Schlagenthin l Einen weiten musikalischen Bogen schlug der Bläserchor des Kirchspiels Stremme während seines fast 90-minütigen Konzertes. Weihnachtliche Weisen wie „Leise rieselt der Schnee“ und „Macht hoch die Tür“ waren genau so zu hören wie das von Lionel Richie und Michael Jackson geschriebene „We are the world“ und das aus dem Musical Sister Act bekannte Stück „I will follow him“.

Gedichte und Volkslieder

Die Stücke verband Pfarrer Johannes Möcker mit kurzen Moderationen oder nachdenklichen und humorigen Texten. „Diese Frieda, liebe Kinder, diese Fliege hat es fein! Darum möcht auch ich im Winter, mal die letzte Fliege sein“, trug Möcker ein James-Krüss Gedicht über die letzte Fliege des Jahres vor. Damit leitete er zum Volkslied „Santa Lucia“ über, das besonders in skandinavischen Ländern sehr bekannt ist und von Kindern gern gesungen wird. Ein schwungvoll volltönendes „We wish you a merry Christmas“ setzte den Schlusspunkt des Konzertnachmittages. Der Bläserchor kann im kommenden Jahre bereits auf ein zehnjähriges Bestehen zurückblicken.

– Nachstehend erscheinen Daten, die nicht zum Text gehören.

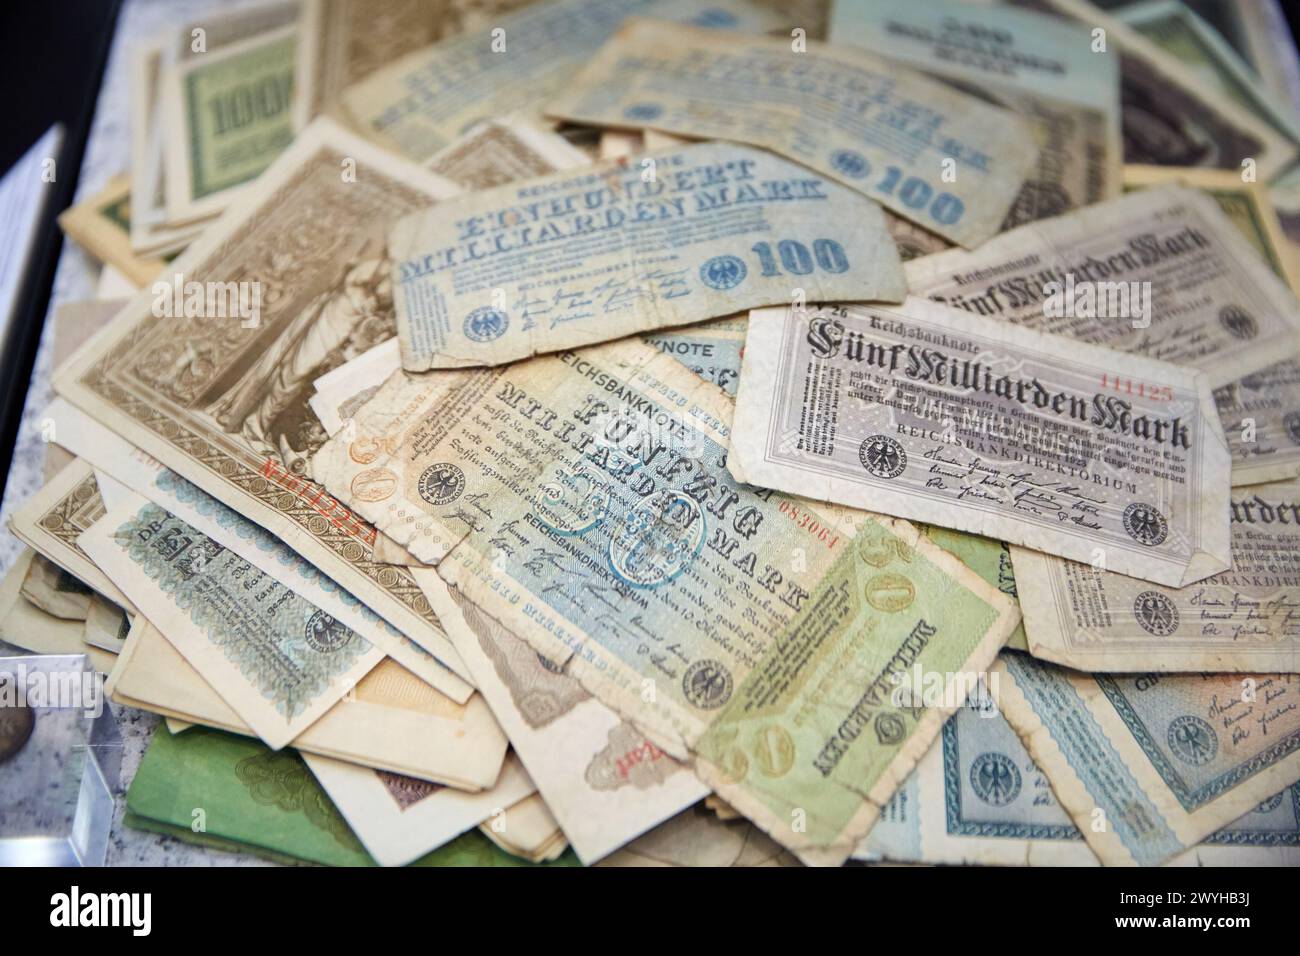 Banknotes of the period of inflation, 1923, Deutsches Historisches Museum, Berlin, Germany. Stock Photo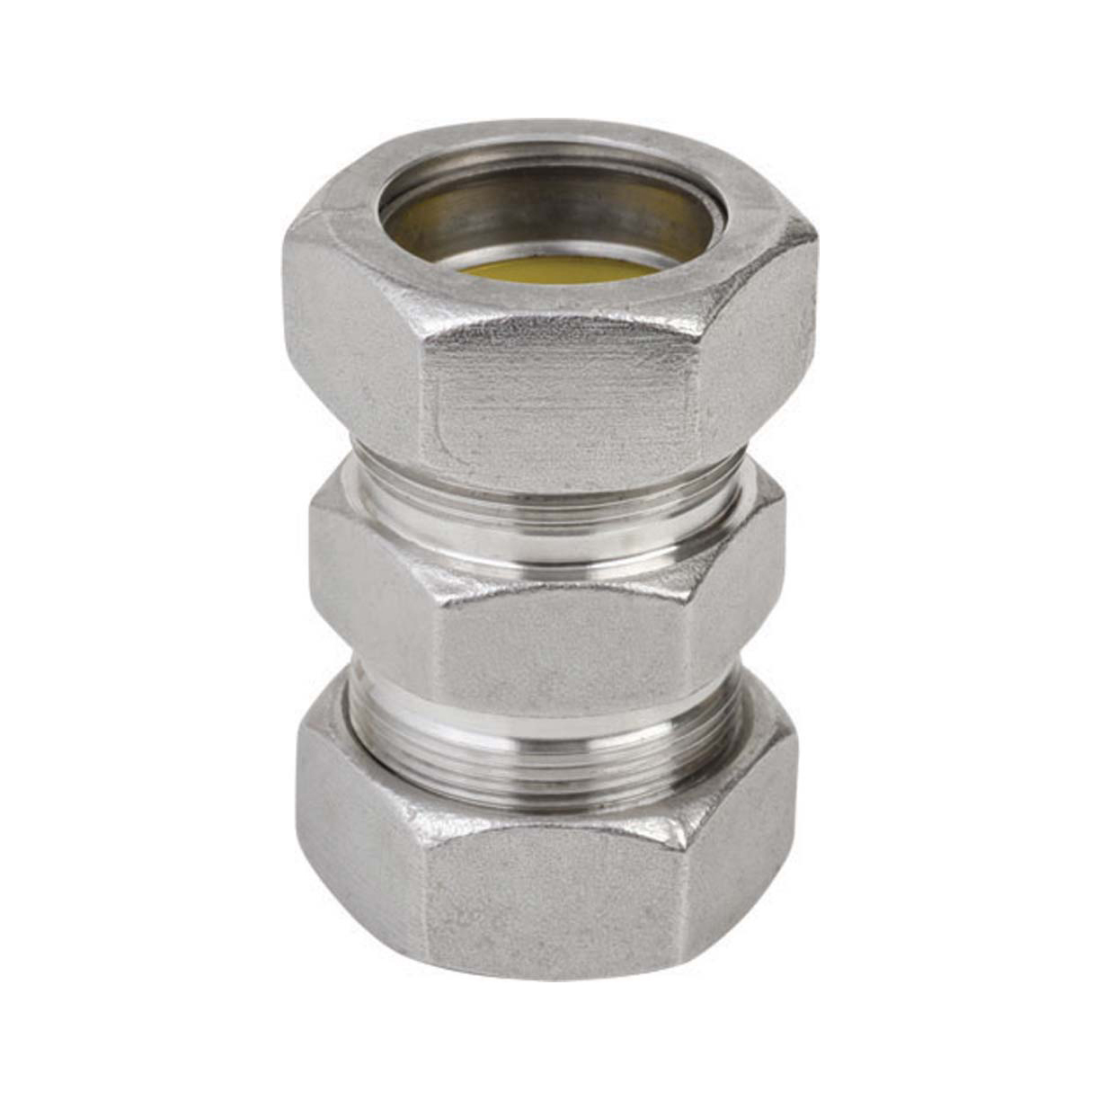 Stainless Steel Rigid/IMC Compression Couplings

Gegründet einst von drei Bläsern zum Himmelfahrtsgottesdienst in Zabakuck, gehören 15 Musiker unterschiedlichen Alters zum Ensemble. Bei Gottesdiensten, Konfirmationen und Gemeindefesten tritt der Chor regelmäßig auf. „Für den Auftritt zum Advent haben wir seit April mit unserem Chef Harry Banse geprobt“, verriet Johannes Möcker am Rande der Veranstaltung. Mit dem Konzert in Schlagenthin wurde Geld für den dritten Bauabschnitt der Sanierung der Kirche gesammelt. „Wir wollen dabei Altar, Kanzel und Empore sowie die Sitzflächen und den Boden sanieren“, erläuterte Monika Pilz vom Förderverein der Schlagenthiner Kirche.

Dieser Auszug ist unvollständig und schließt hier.